# Help? need a roofer



## rwong2k10 (Dec 27, 2010)

Hi Everyone,

just bought a new (old) place and need some help with some maintenance/roof,

Do you guys have any recommendations or refferals?

Here's a list of things I'll need the roofer or handyman (?)to do:

1) moss removal - ( i think i can do this myself, if i don't roll down the roof)
2) extend the waterspout/drain
3) gutter clean
4) add silicon to the skylight
5) add plastic seals to the railing screws on the sundeck (as recommended by the house inspector)

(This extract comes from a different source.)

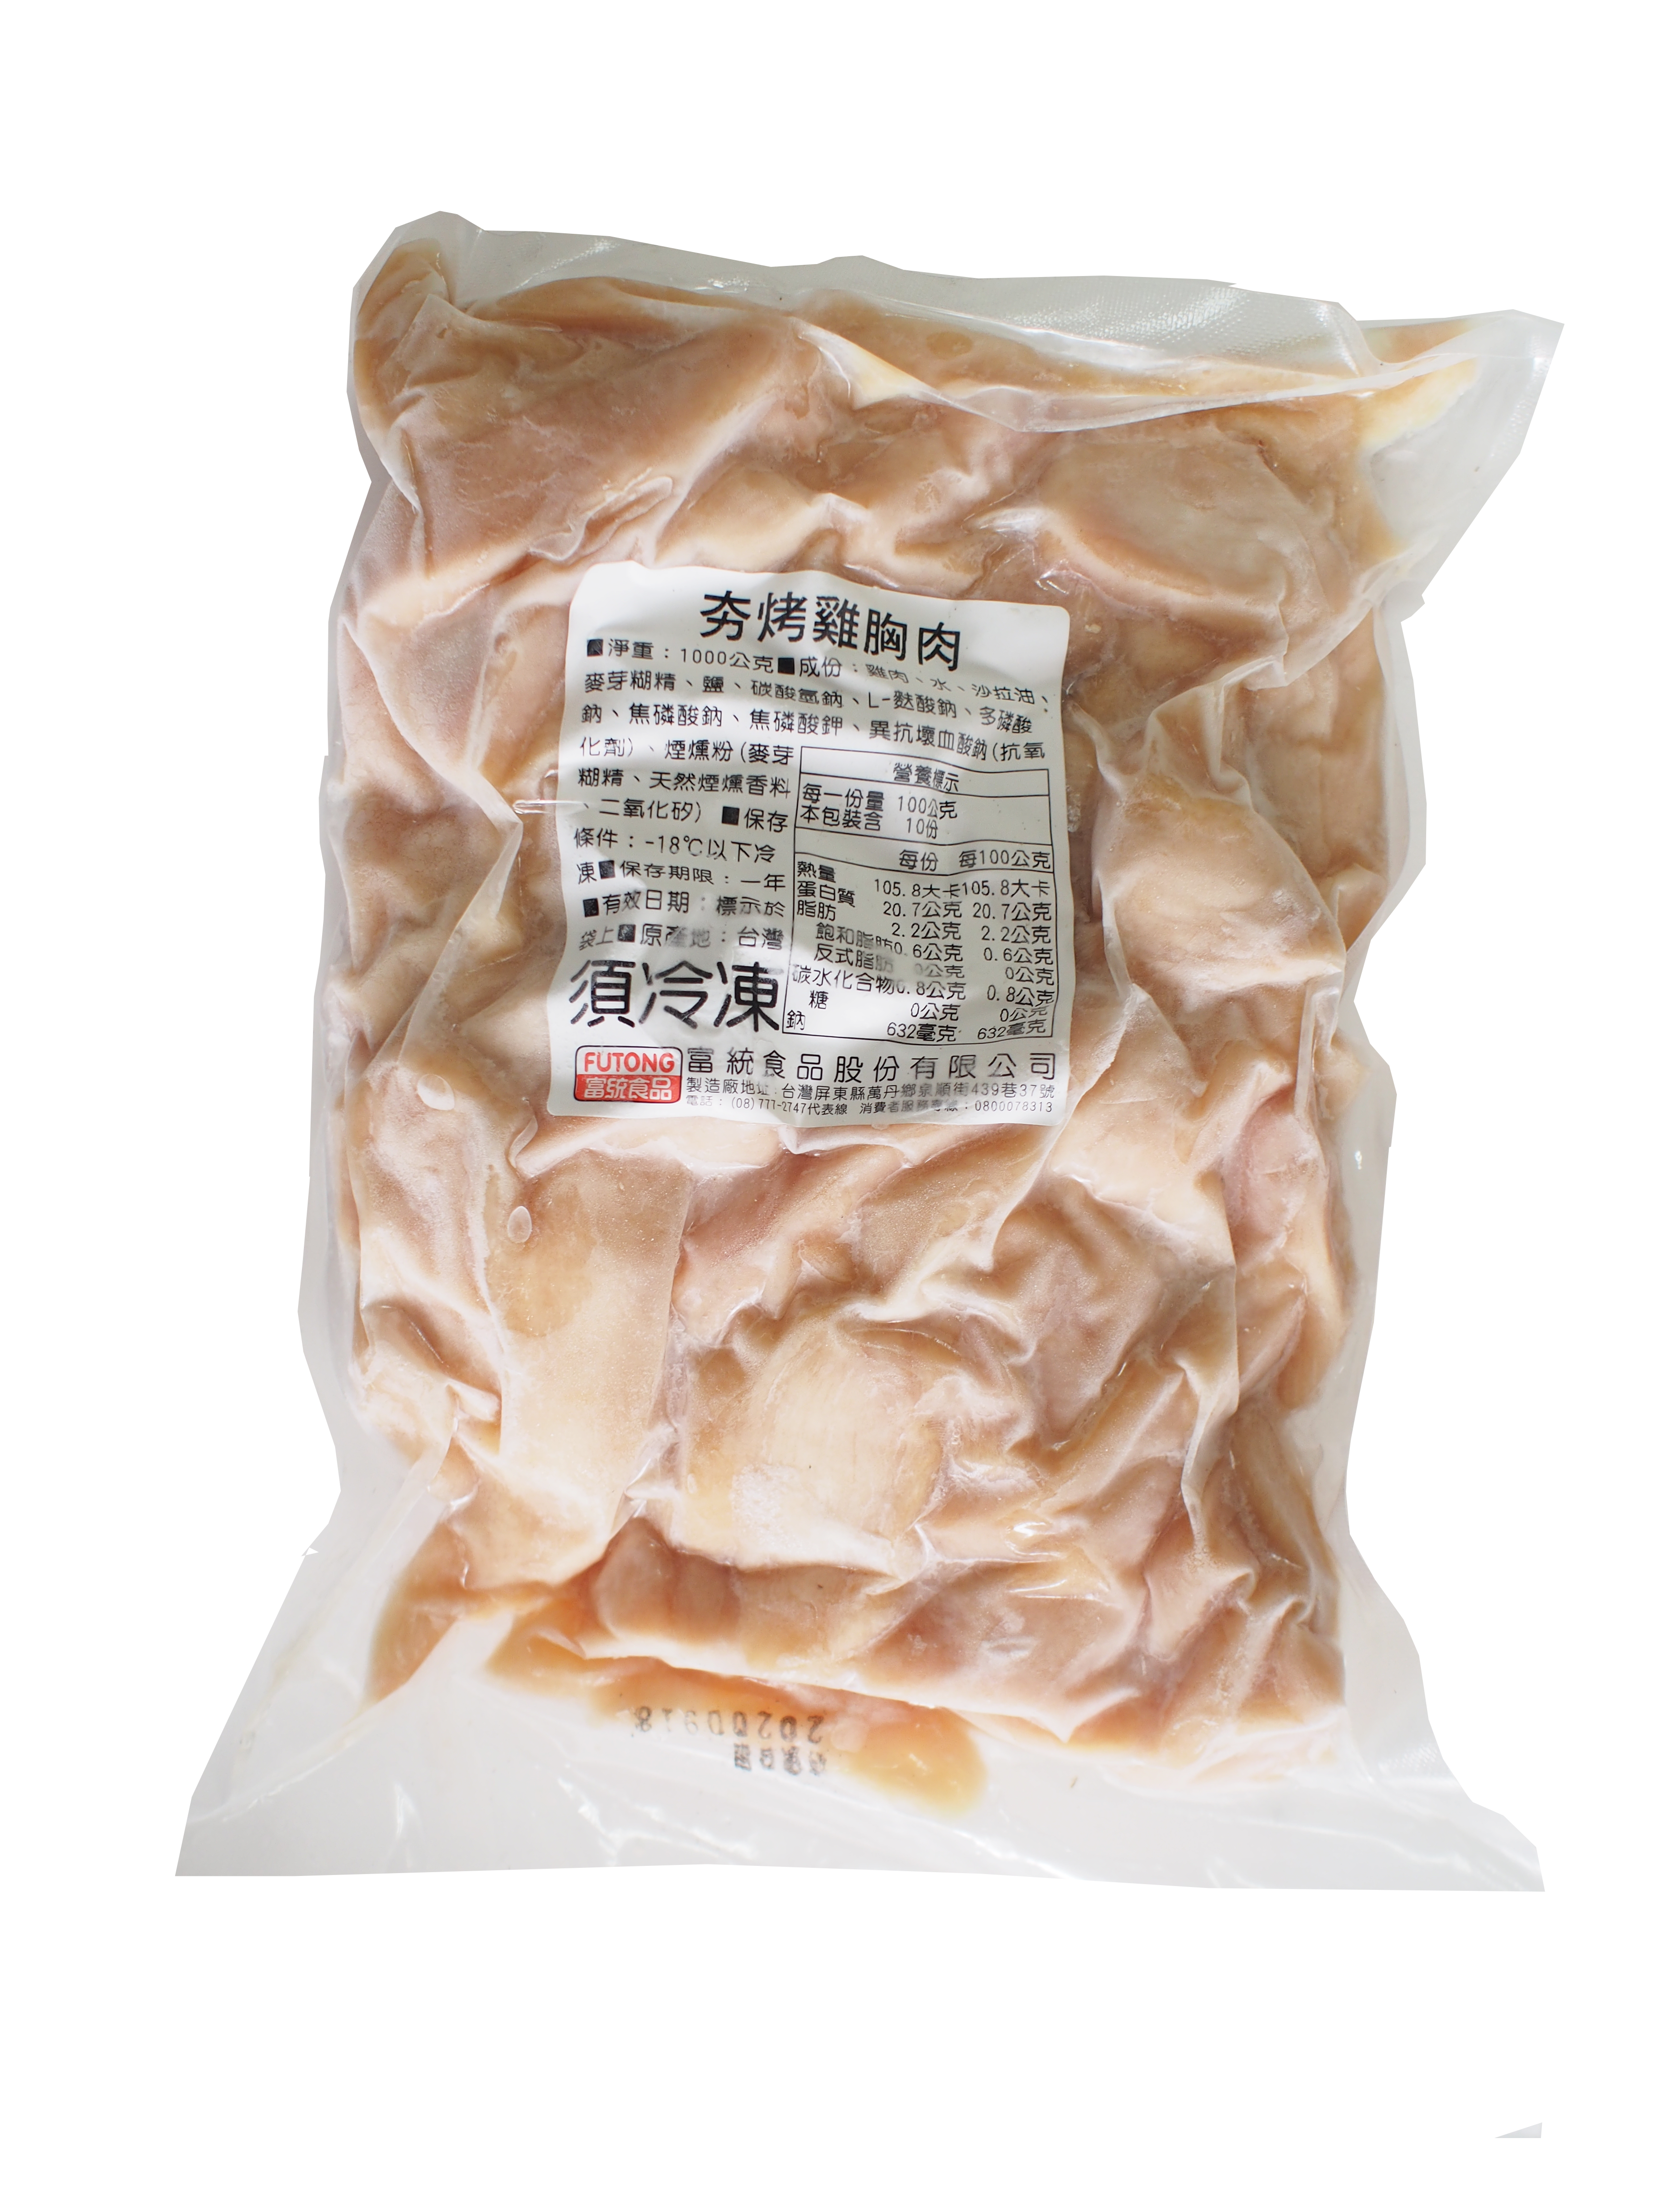 【富統食品】低脂熟雞胸肉1kg/包 夯烤雞胸肉 微燻雞肉片 燻雞 嫩雞胸

any recommendations would be apperciated =)

thank-you

Raymond


----------



## gklaw (May 31, 2010)

So you bought a house in the neighbourhood 



rwong2k10 said:


> Hi Everyone,
> 
> just bought a new (old) place and need some help with some maintenance/roof,
> 
> ...


----------



## rwong2k10 (Dec 27, 2010)

thanks that's really good information,

as for the skylight, acutally it doesn't need replacing, but the home inspector mentiond that it's 'gaurded' for one direction eg. water flowing downwards but it's not gaurded for wind blowing rain up the other way,

not too sure if that makes sense, so he mentioned if you silicon and seal it, that it would be better.

as for the fence/railing, how do i unscrew the thing and keep it from falling? it's flushed to the sundeck now, if i remove the screws, i think it'll fall down (from the 2nd floor)
or can i unscrew a few, silicon it and screw it back then unscrew another few?

I'll give those other things a try, thanks for the tips!

Raymond


----------



## gklaw (May 31, 2010)

Guess if you take all the screws off at the same time, it will come down 

Take the screw of one at a time. Squeeze silicon through anchor plate hole.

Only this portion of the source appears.